The Federal Circuit denied the petition, and Samsung went on to petition the Supreme Court. Earlier this year, its petition received broadbased support from industry as well as non-governmental organizations and academia. The issue was certworthy enough on its own but those amicus briefs probably made it particularly easy for the Supreme Court to identify this as a case to take on. There were no amicus briefs against the petition, but that, in all fairness, doesn't mean much: it's generally considered counterproductive to express an interest in the denial of a petition since it may serve to further raise the profile of the matter. I'm sure Apple didn't encourage anyone to file.
When the fourth round of amicus briefs (firstly the ones in support of Samsung's position, then Apple's backers) come in, it would be very surprising if Apple got more support, in qualitative or in quantitative terms, than Samsung on this issue. The economy at large and society at large stand to lose from overcompensation of design patent holders. But Apple, with its vast resources, is now probably making quite an effort to drum up support, and that effort will yield some results.

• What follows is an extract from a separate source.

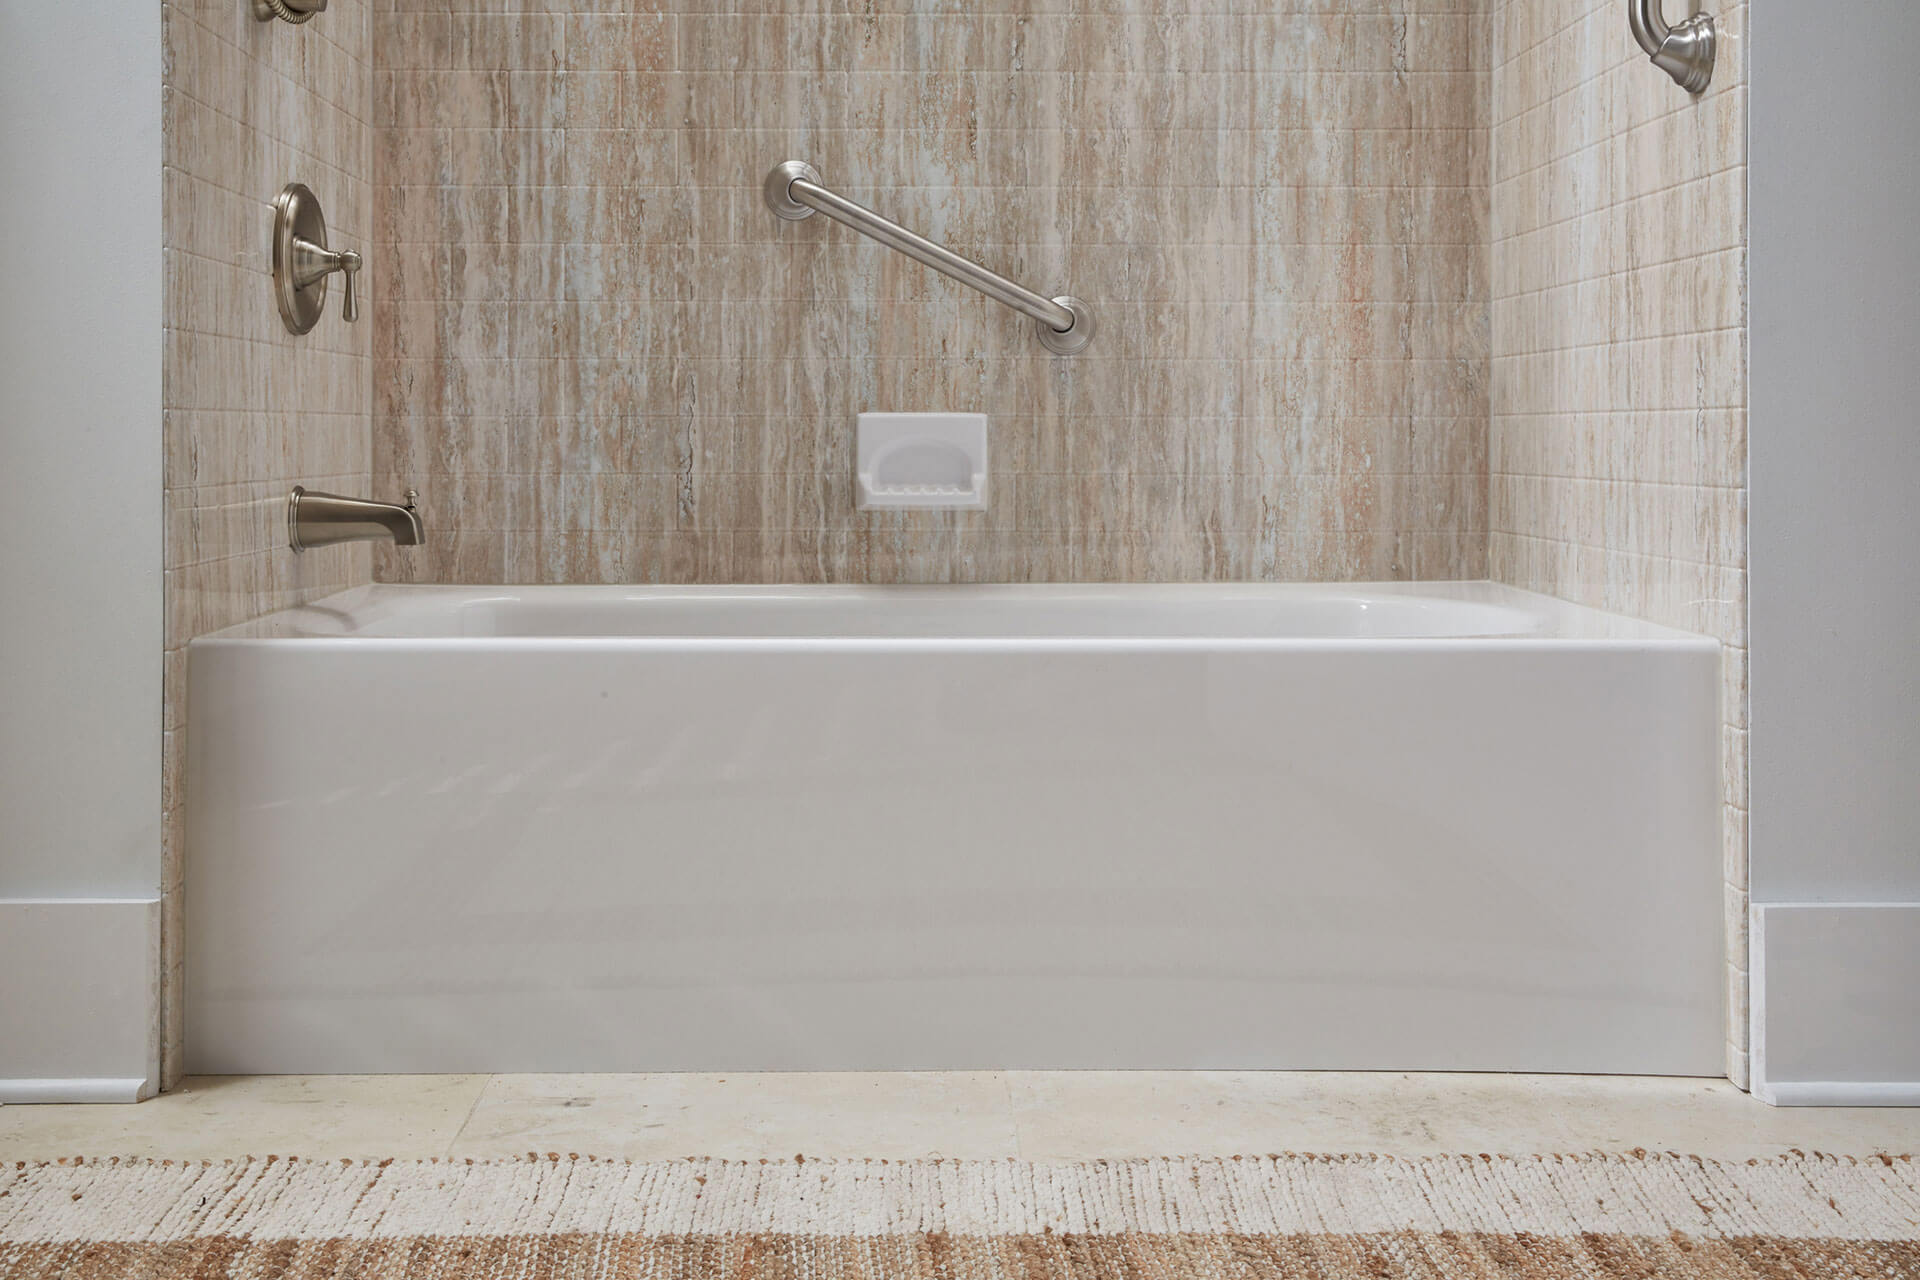 A soaker tub with a tile wall and a grab bar on the wall.

There are four main categories of stakeholders among the potential amici curiae in this case:
Tech companies: In the past, Apple had virtually no support from that group of stakeholders, and Samsung had plenty. Technology businesses typically don't want their engineering efforts to be undervalued (but that is what an unapportioned disgorgement of infringer's profits would do). Samsung appears to hold more U.S. design patents than any other company, and Samsung itself is now fighting for apportionment. So far, the only tech company (besides Apple) that I've seen enforce a design patent is Microsoft (in its patent spat with Corel), and Microsoft may consider iOS the "lesser evil" among competing operating systems than Android. Then, Microsoft has actually advocated reasonableness in patent remedies (and balanced procedural rules) in a number of cases over the last 10 years, and I'm sure Microsoft wouldn't want to be liable for a disgorgement of infringer's profits if a single Windows icon was ever found to infringe someone else's design patent.
No-tech and low-tech companies: Even product categories that are less multifunctional than smartphones and tablet computers typically embody more than just one patentable design. It is, therefore, hard to imagine that many companies from outside the high-tech sector would support Apple, but we'll see.
Non-governmental organizations: public interest advocates routinely oppose overcompensation of right holders.
The U.S. government: In a high-profile context like this, the administration usually expresses its views, but it doesn't have to (for example, it can also file something that fills a lot of pages without clearly taking anybody's side, or it could even elect not to file anything at all). It's one of the Solicitor General's tasks to represent the United States in court. The Solicitor General is a Department of Justice (DoJ) official, but the DoJ will likely consult with key government agencies such as the United States Patent and Trademark Office (USPTO) and the Department of Commerce on this matter. The USPTO never wants to discourage patentees from filing applications, but it also knows that economically devastating and blatantly unreasonable remedies ultimately hurt the patent system and could result in legislative action. The Department of Commerce has to think about implications for the economy at large, not just one company, albeit the #1 U.S. company by some criteria.
In about five weeks from now, we'll see how successful Samsung's mobilization efforts have been, and two months after that we'll see the fruits of Apple's campaigning.